WHAT THIS TASK INVOLVES - Copy word for word the lines in the records below, starting at the line with "Unused-Fluid Chillers Inc" and ending at the line with "Research methodologies1 Mind Map". Skip the pictures.

RECORDS SHOWN -
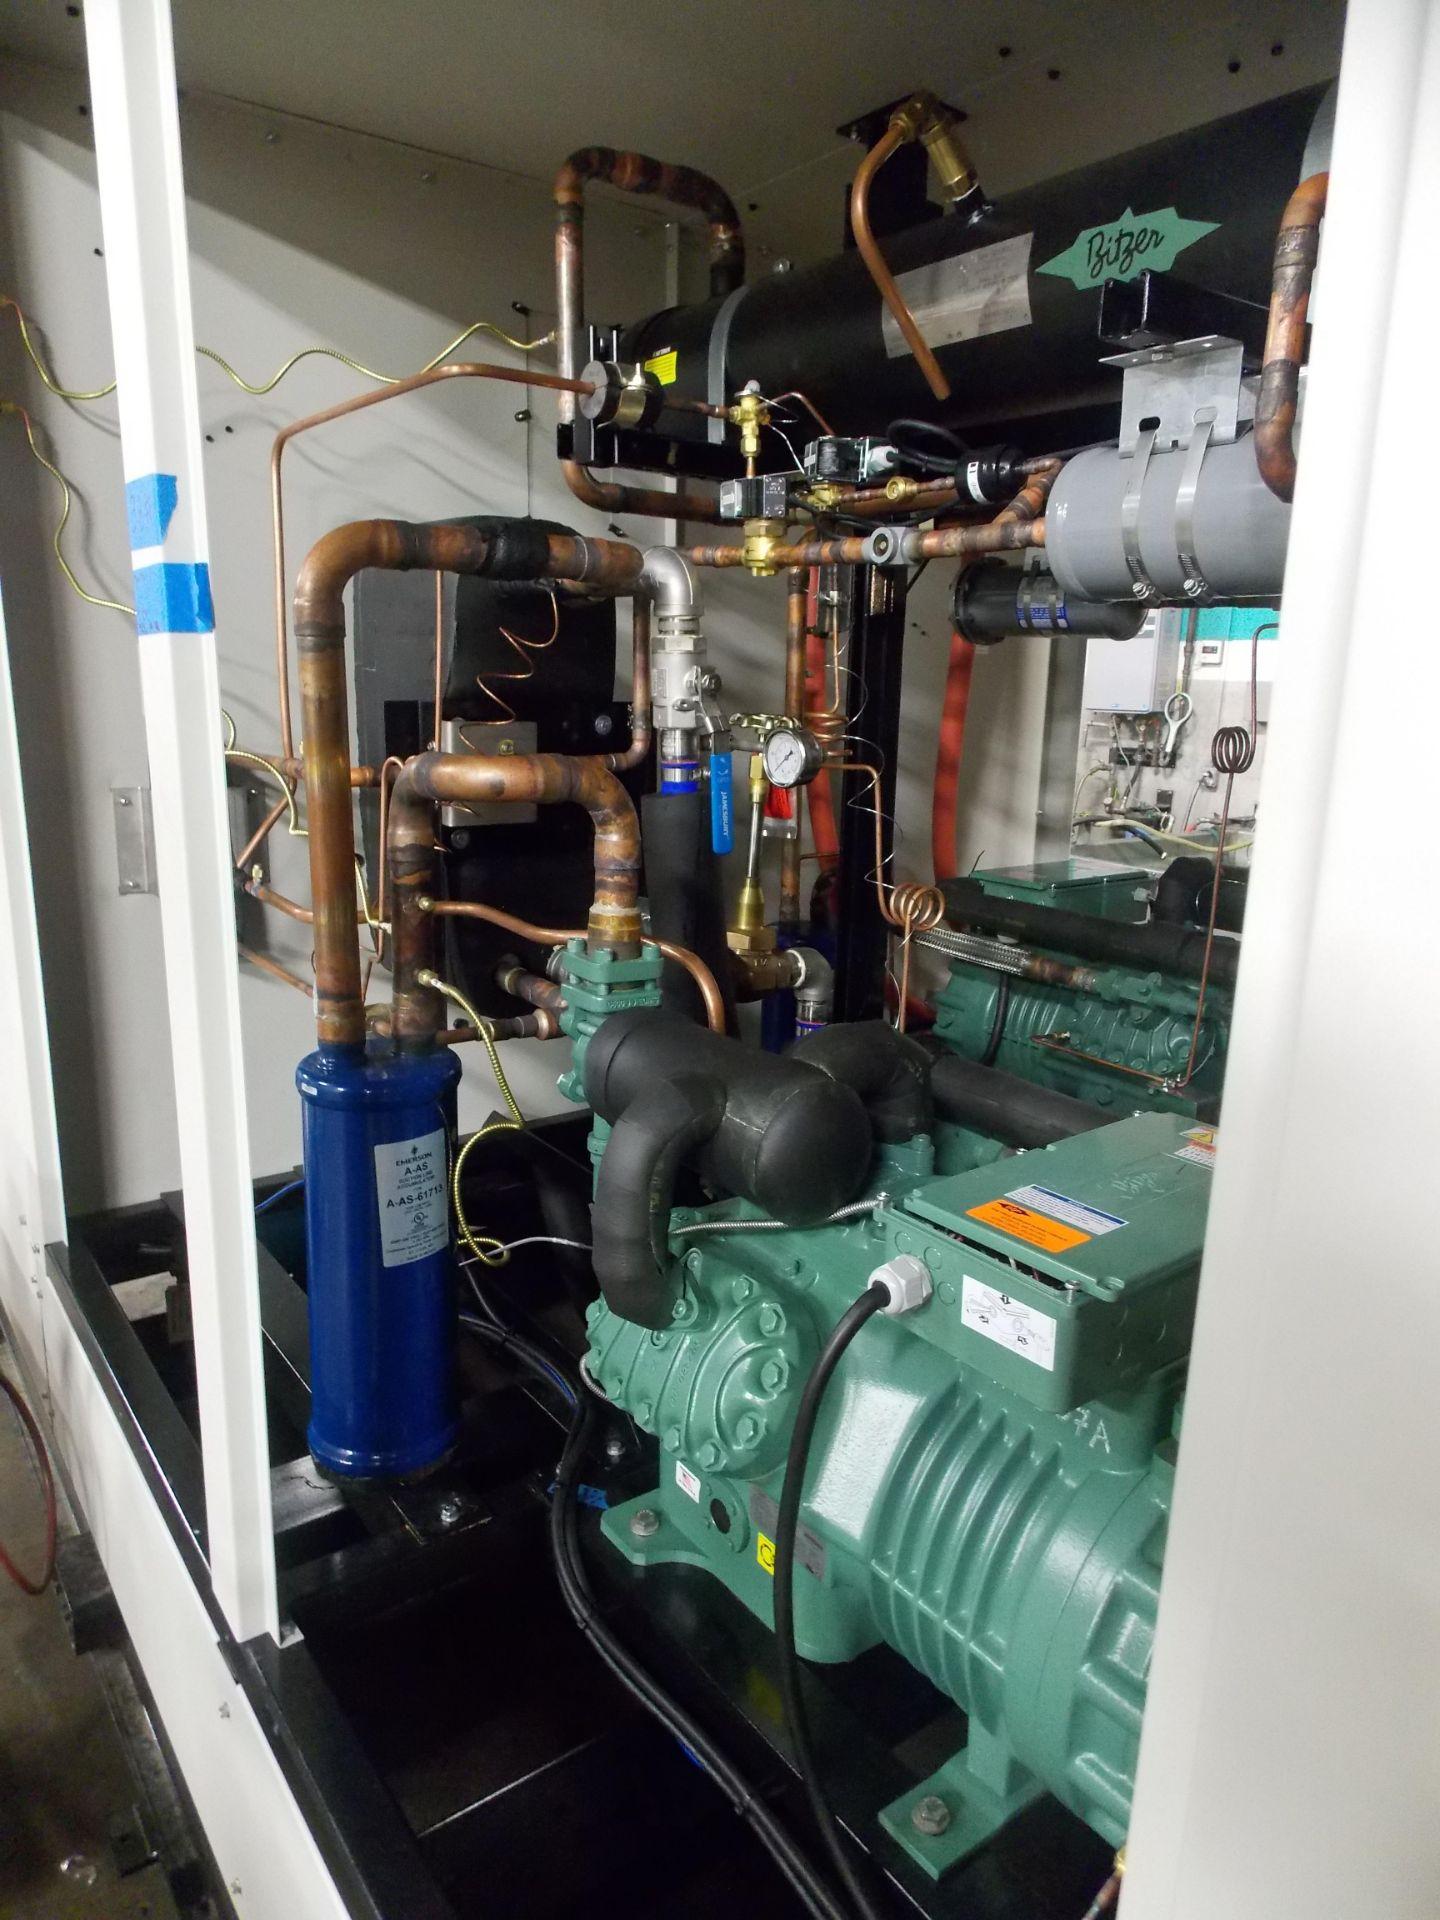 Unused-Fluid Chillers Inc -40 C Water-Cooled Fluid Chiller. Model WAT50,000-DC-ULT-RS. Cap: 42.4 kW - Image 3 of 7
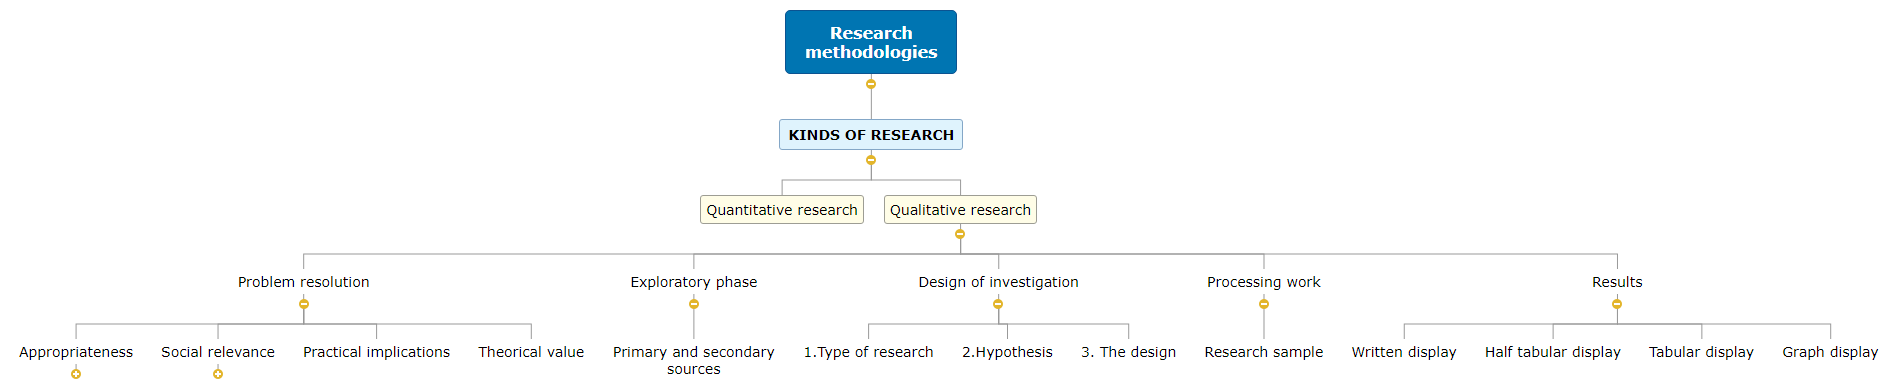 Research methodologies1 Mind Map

...

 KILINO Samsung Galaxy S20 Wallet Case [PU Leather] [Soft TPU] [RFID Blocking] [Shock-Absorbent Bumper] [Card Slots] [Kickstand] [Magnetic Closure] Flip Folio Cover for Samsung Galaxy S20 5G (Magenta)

WRITTEN SOLUTION -
 Unused-Fluid Chillers Inc -40 C Water-Cooled Fluid Chiller. Model WAT50,000-DC-ULT-RS. Cap: 42.4 kW - Image 3 of 7
 Research methodologies1 Mind Map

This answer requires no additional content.